That's the word Adam Michnik, the man who played one of the starring roles in bringing the Cold War to an end, exclaims in Polish as he thinks back over the two decades since the Berlin Wall fell that Nov. 9 evening. He repeats it in rapid fire, each time flawlessly, with no hint of his trademark stutter.

"Fantastic! Fantastic! Poland has not had such 20 years in its last 400 years, 300 years. We are on the side of the West. We are sovereign. We have all possible civil rights. Democratic elections. Open borders. No censorship. That is simply a fantastic change."

So too is the story of his own transformation.

Mr. Michnick was born into the communist establishment. His father, a Polish Jew, was a leader of the illegal pre-war Communist Party. As a teenager, Mr. Michnik took part in leftist discussion groups with names like the "Crooked Circle" or the "Seekers of Contradiction." A believer, he wanted to reform communism. At 18, he was arrested for the first time for writing a protest letter to the government. And in 1968, he was jailed for a year after student protests in Warsaw.

The experience thrust him firmly into the opposition. The next two decades were spent publishing samizdat, advocating for worker's rights and then helping lead, from its founding in 1980, Solidarity, the trade union that morphed into a national movement...

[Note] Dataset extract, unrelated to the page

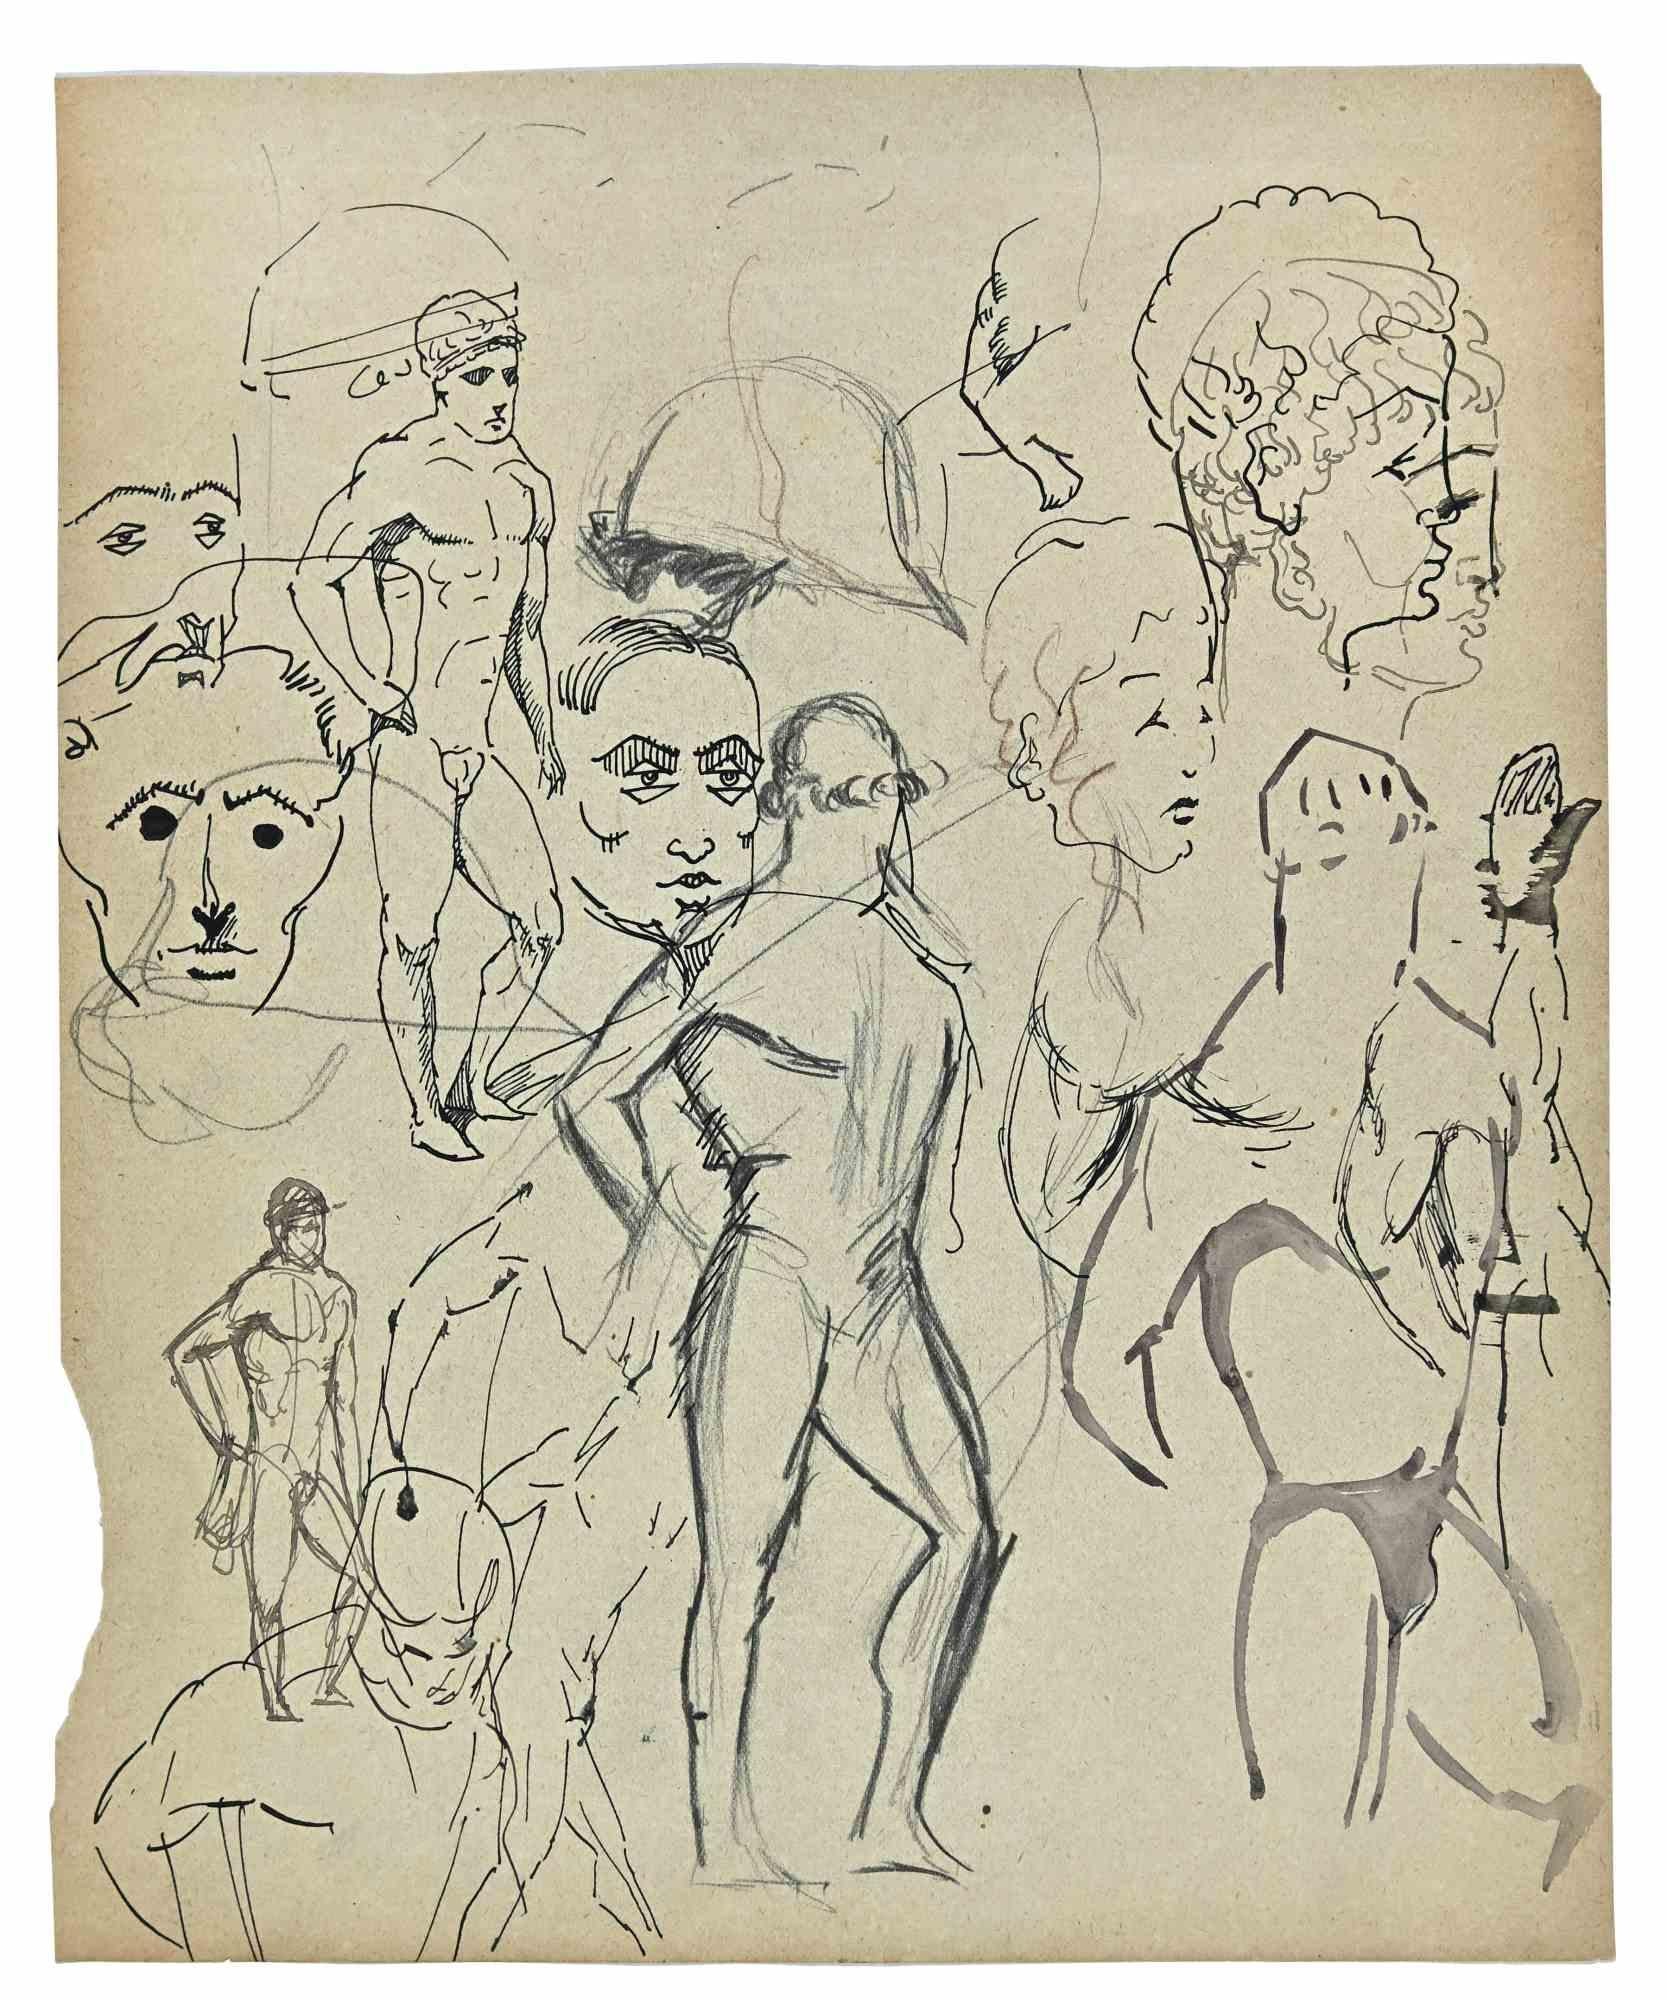 The Sketches of Figures - Original Drawing by Norbert Meyre - Mid-20th Century

... Trained as a historian, Mr. Michnik says he harbors no illusions about the inevitability of anything. He notes that Central Europe's democrats could have been crushed as the Chinese students were at Tiananmen Square the same year the wall fell. So who is to say now that Western liberalism will prevail in the future? Even of Poland—now a member of the European Union and NATO—he says that: "We are headed in the right direction, but on a narrow path. One false step and we become Russia."

If the new cliché is the "return of history," then the danger isn't a second coming of communism but of authoritarianism. Russia is the region's most worrying bad pupil. It tasted civic freedoms in the chaotic 1990s. Then, under Vladimir Putin, the KGB colonel who took over in 2000, the country veered backward. Political liberties were decimated and the rule of law was trampled. In their place came aggressive nationalism, "sovereign democracy," and the promise of "order." Meanwhile, the economy was hijacked by a rapacious state and privileged oligarchs.

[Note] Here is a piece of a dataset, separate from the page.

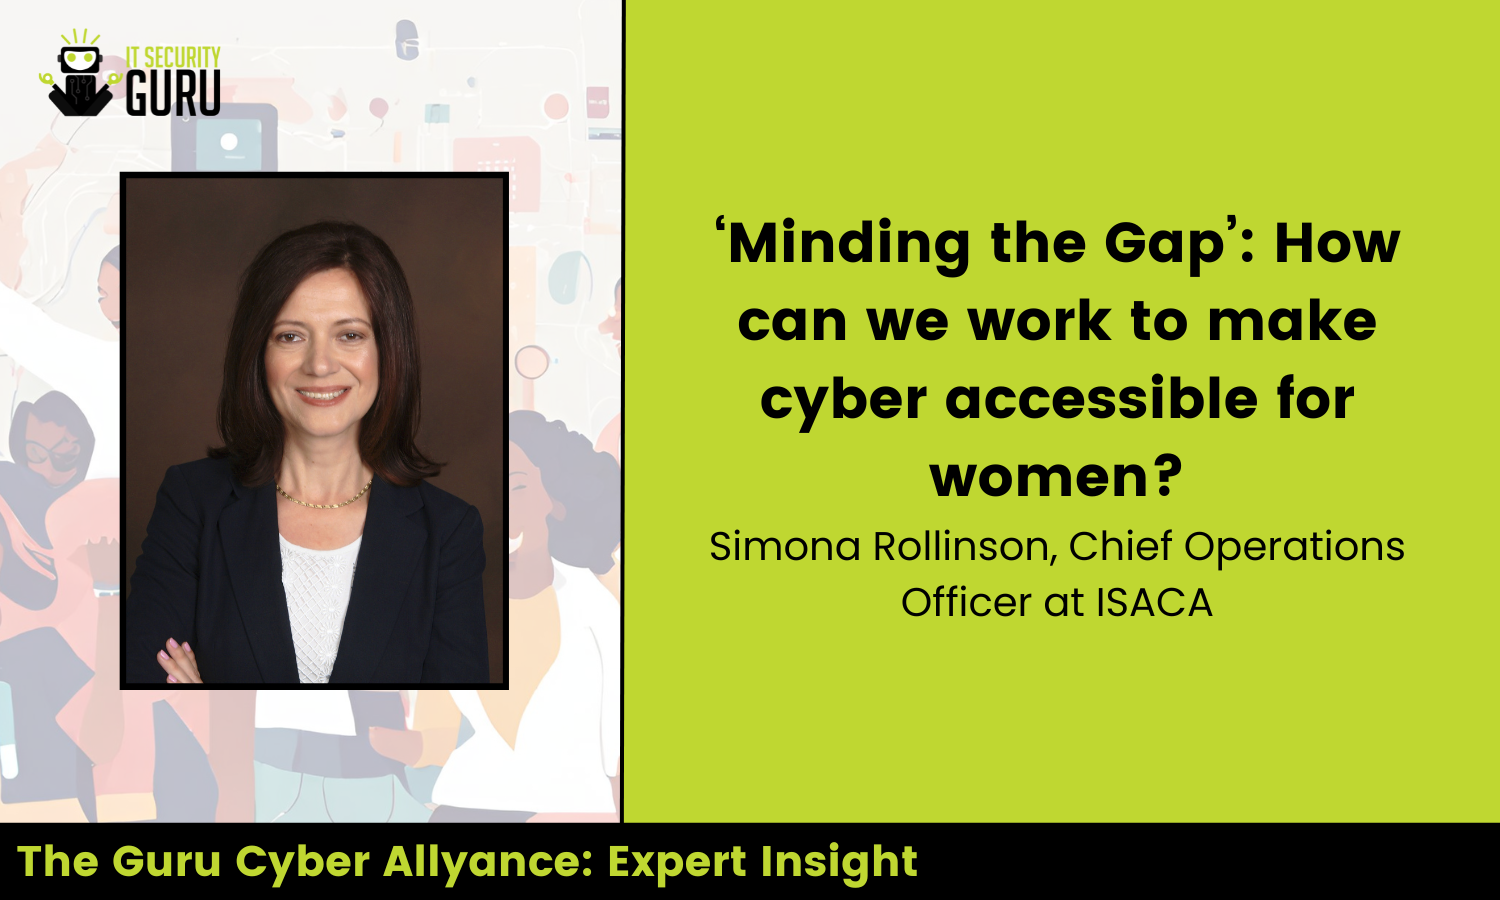 Expert Insight: ‘Minding the Gap’: How can we work to make cyber accessible for women?

Much like the Soviet Union and Czarist Russia, this new illiberal Putinstan poses a danger to those in its periphery: His Russia has used armed force against Georgia and Chechnya, and energy blackmail against Ukraine and countries further west in Europe. The rise of Putinism has showed how easily a society—particularly a frail one lacking the traditions of democracy or liberalism—can be suborned into signing away freedom in exchange for an illusive stability.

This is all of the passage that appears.